I tried running the 2.9 branch on glance-simplestreams-sync and I'm receiving the following error:

@gabrielcocenza I tried to reproduce but failed. I deployed glance-simplestreams-sync on microk8s at channel='yoga/stable', revision=91 and upgraded to channel="xena/stable", revision=97 and it seems to be working (it also doesn't make too much sense to me how that arg_resources could be None, but apparently it is in your case).

Can you give me the channels/revisions you're upgrading from and to so I can track it down in your exact scenario? Thanks!

gabrielcocenza commented 1 year ago

Hello @cderici. On my environment I've deployed glance-simplestreams-sync on victoria/stable at a mass cloud

cderici commented 1 year ago

Hello @cderici. On my environment I've deployed glance-simplestreams-sync on victoria/stable at a mass cloud

Ok victoria/stable revision 96, and which channel/revision you're trying to upgrade to when you get the error above?

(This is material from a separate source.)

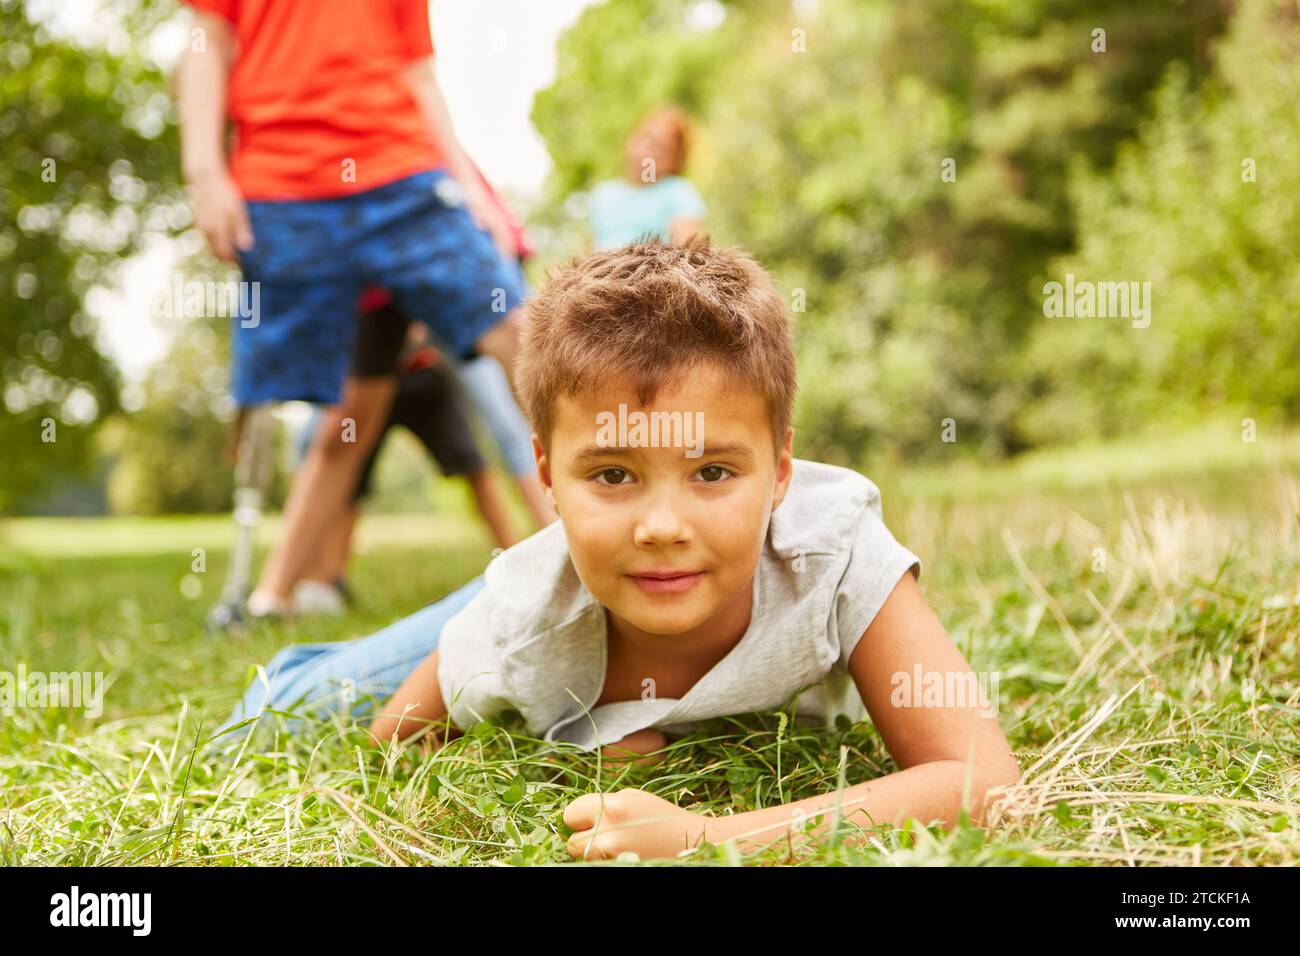 Portrait of boy lying down on grass while playing at park Stock Photo

gabrielcocenza commented 1 year ago

which channel/revision you're trying to upgrade to when you get the error above?

I was trying to refresh to the same channel victoria/stable as a way of guarantee that it was at the latest version of this track. Once it failed I refresh using the juju cli and then refresh to wallaby/stable

Interesting is that I've deployed glance-simplestreams-sync on a lxd cloud and the bug didn't show up. I'll let you know if I encounter this error again going from wallaby to xena

cderici commented 1 year ago

@gabrielcocenza yeah just tried it on microk8s (deployed victoria/stable and refreshed on the same channel), seems to be working:

$ python -m asyncio
asyncio REPL 3.10.12 (main, Jun 11 2023, 05:26:28) [GCC 11.4.0] on linux
Use "await" directly instead of "asyncio.run()".
Type "help", "copyright", "credits" or "license" for more information.
>>> import asyncio
>>> from juju import model;m=model.Model();await m.connect()
>>> await m.applications['glance-simplestreams-sync'].refresh(channel='victoria/stable', revision=96)
>>> await m.applications['glance-simplestreams-sync'].refresh(channel='victoria/stable')
>>>

I also tried going from wallaby/stable (rev 94) to xena/stable (rev 97) and it seems to be working as well.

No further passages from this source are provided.